The Group recognises the expected costs of accumulating
compensated absences when employees render a service
that increases their entitlement to future compensated
absences, measured as the additional amount that the Group
expects to pay as a result of the unused entitlement that has
accumulated at the balance sheet date.
Where it is not probable that an outflow of economic benefits
will be required, or the amount cannot be estimated reliably,
the obligation is disclosed as a contingent liability, unless the
probability of outflow of economic benefits is remote. Possible
obligations, whose existence will only be confirmed by the
occurrence or non-occurrence of one or more future events,
are also disclosed as contingent liabilities unless the
probability of outflow of economic benefits is remote.
R Income Tax
Income tax for the year comprises current tax and movements in
deferred tax assets and liabilities. Current tax and movements in
deferred tax assets and liabilities are recognised in profit or loss
except to the extent that they relate to items recognised in other
comprehensive income or directly in equity, in which case the
relevant amounts of tax are recognised in other comprehensive
income or directly in equity, respectively.
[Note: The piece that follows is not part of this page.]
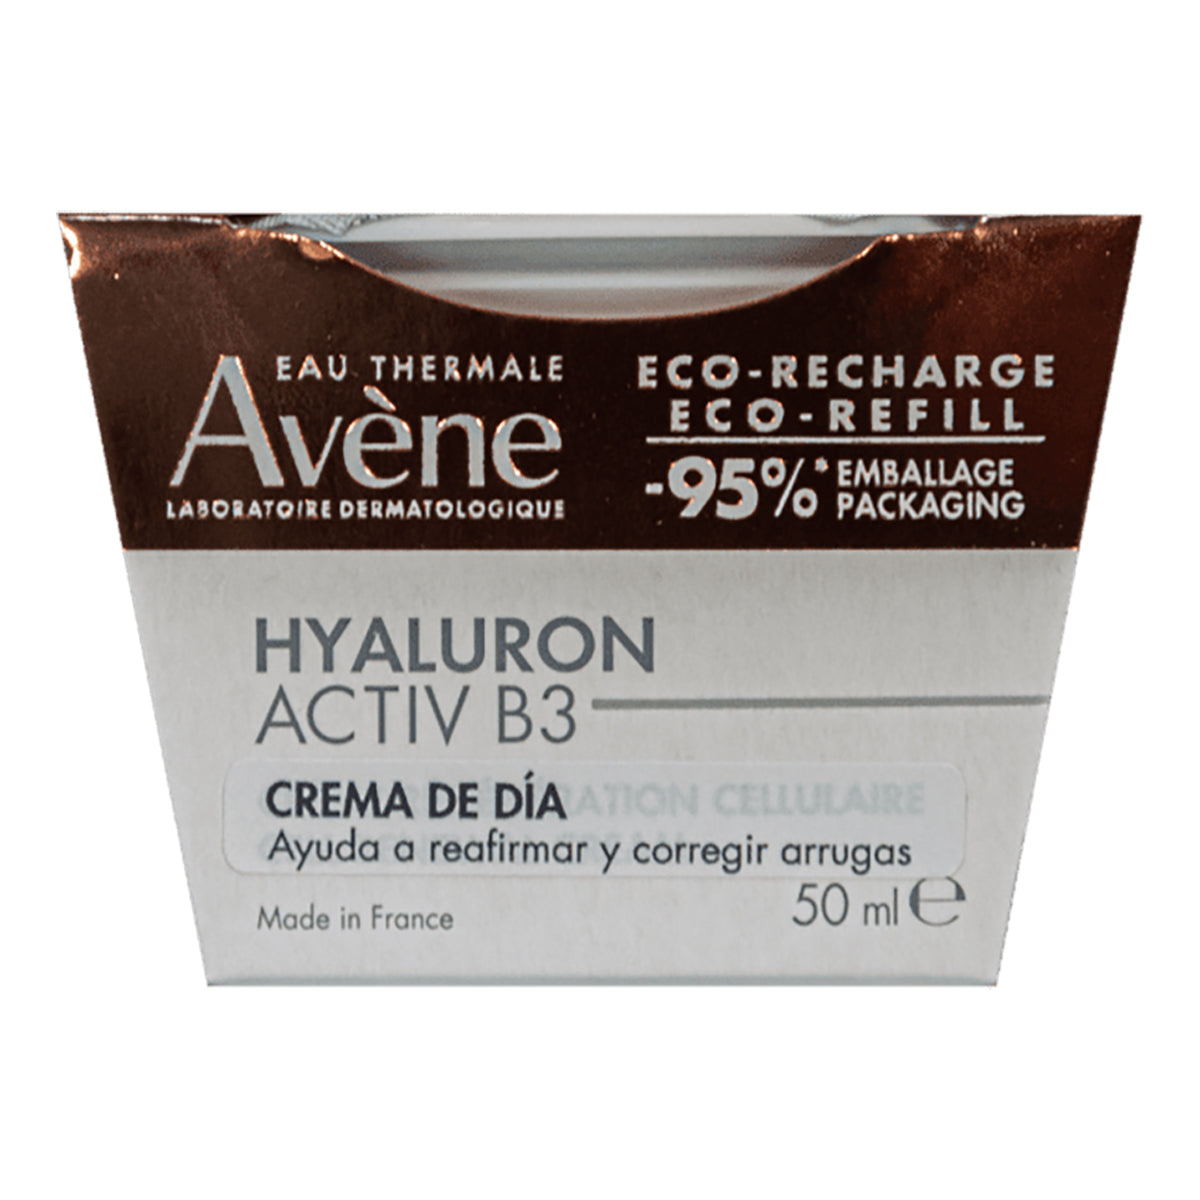 Avene hyaluron activ b3 crema regeneradora de dia refill 50ml.

Current tax is the expected tax payable on the taxable income for
the year, using tax rates enacted or substantively enacted at the
balance sheet date, and any adjustment to tax payable in respect
of previous years.
Deferred tax assets and liabilities arise from deductible and taxable
temporary differences between the carrying amounts of assets and
liabilities for financial reporting purposes and the tax bases
respectively. Deferred tax assets also arise from unused tax losses
and unused tax credits.
Apart from certain limited exceptions, all deferred tax liabilities and
all deferred tax assets, to the extent that it is probable that future
taxable profits will be available against which the asset can be
utilised, are recognised. Future taxable profits that may be capable
to support the recognition of deferred tax assets arising from
deductible temporary differences include those that will arise from
the reversal of existing taxable temporary differences.
The limited exceptions to recognition of deferred tax assets and
liabilities are those temporary differences arising from goodwill not
deductible for tax purposes and the initial recognition of assets or
liabilities that affect neither accounting nor taxable profit (provided
that they are not part of a business combination).